INPUT DATA:
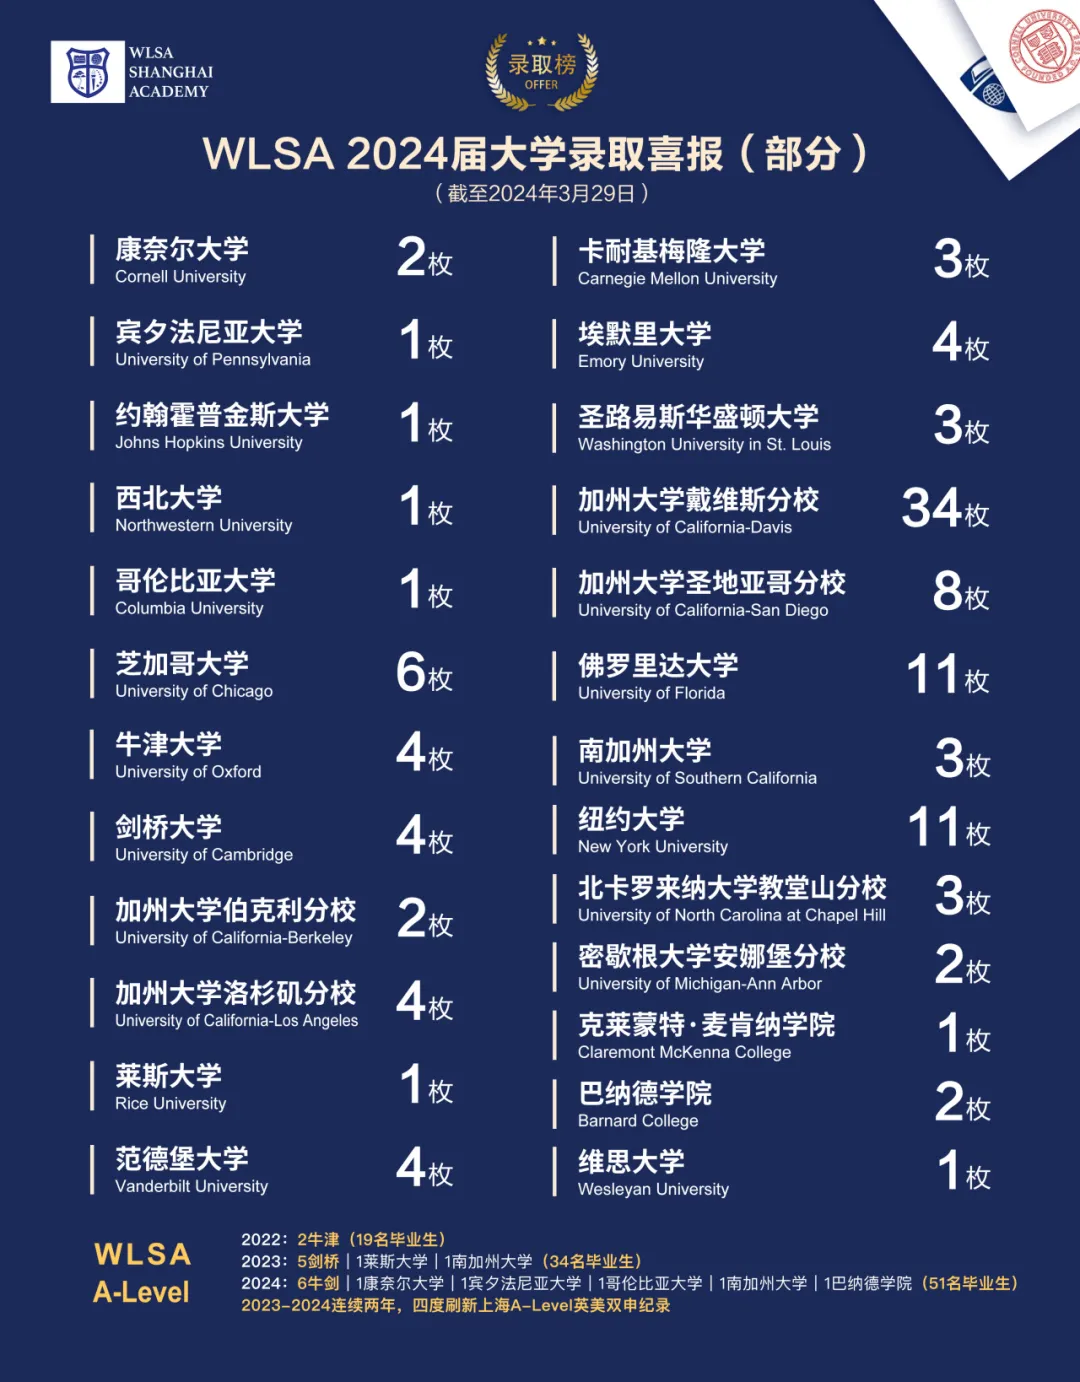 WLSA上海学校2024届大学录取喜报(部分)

...

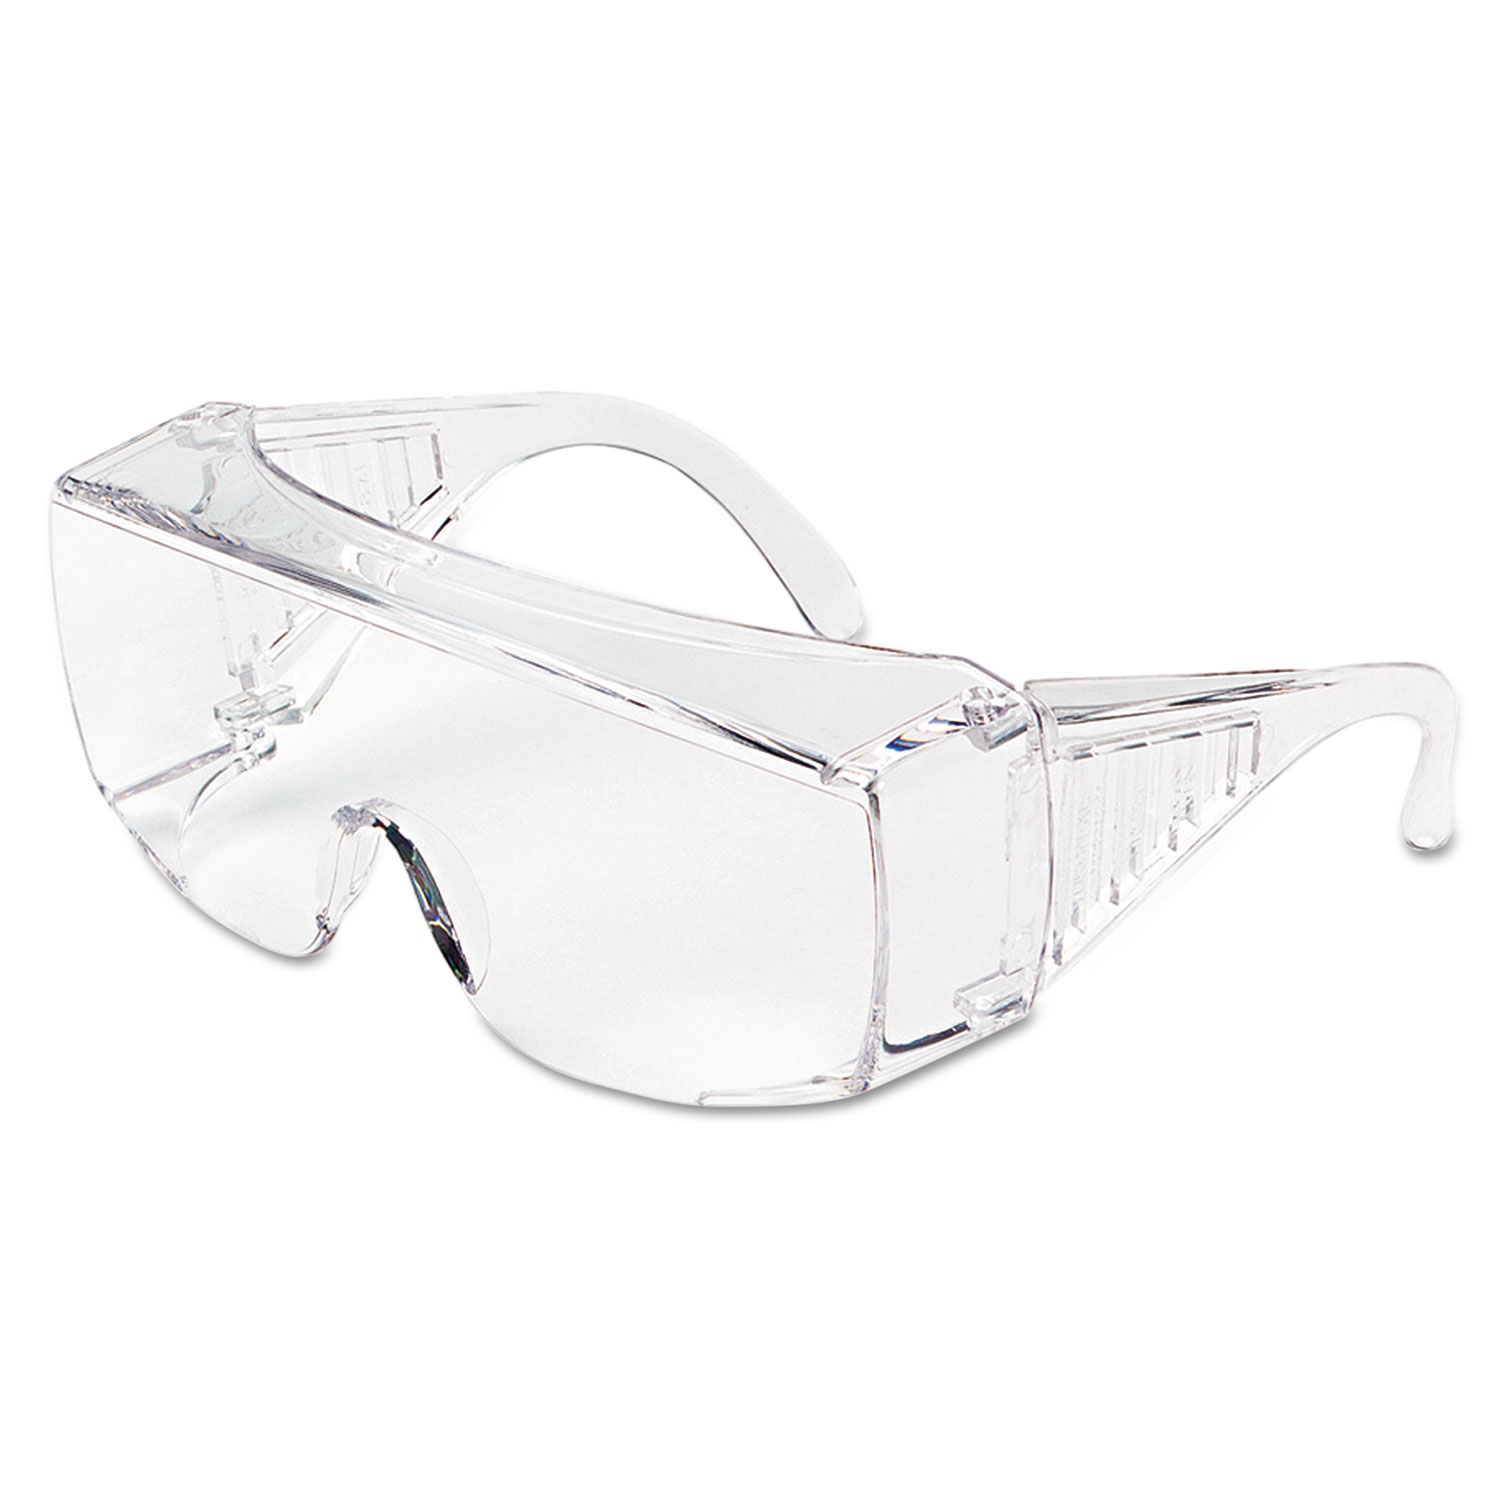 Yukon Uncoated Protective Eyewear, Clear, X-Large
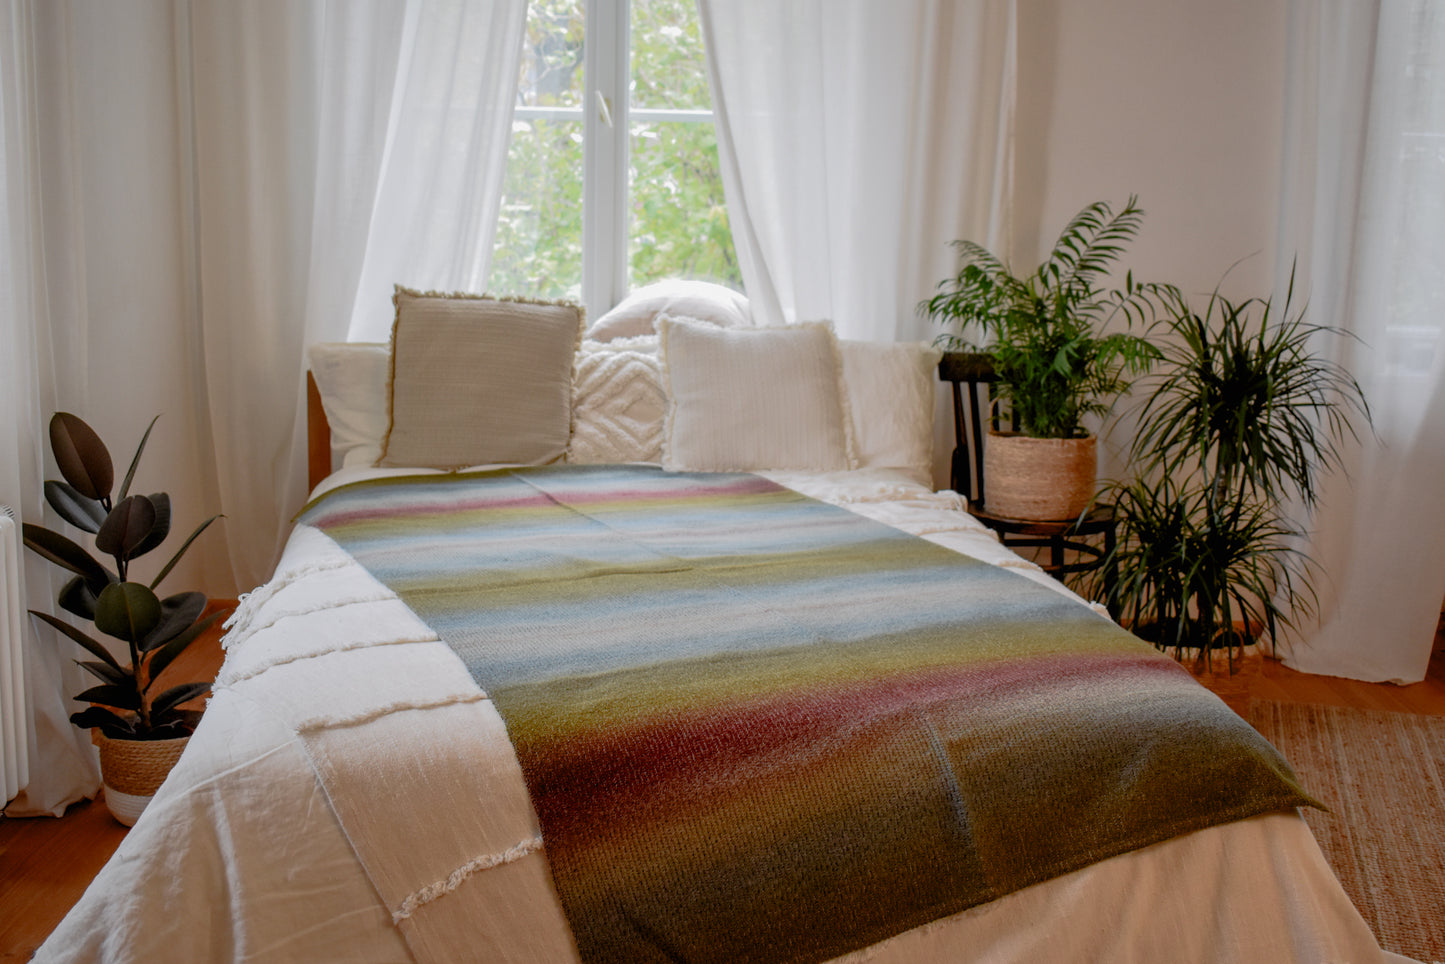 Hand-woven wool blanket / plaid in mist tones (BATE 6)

INSTRUCTIONS TO FOLLOW: In the entries above, find the line that contains "Yukon Uncoated Protective" and the line that contains "Hand-woven wool blanket". Reproduce exactly those two lines and every line between them, but not the pictures.

RESULT OF THE EXERCISE:
 Yukon Uncoated Protective Eyewear, Clear, X-Large
 Hand-woven wool blanket / plaid in mist tones (BATE 6)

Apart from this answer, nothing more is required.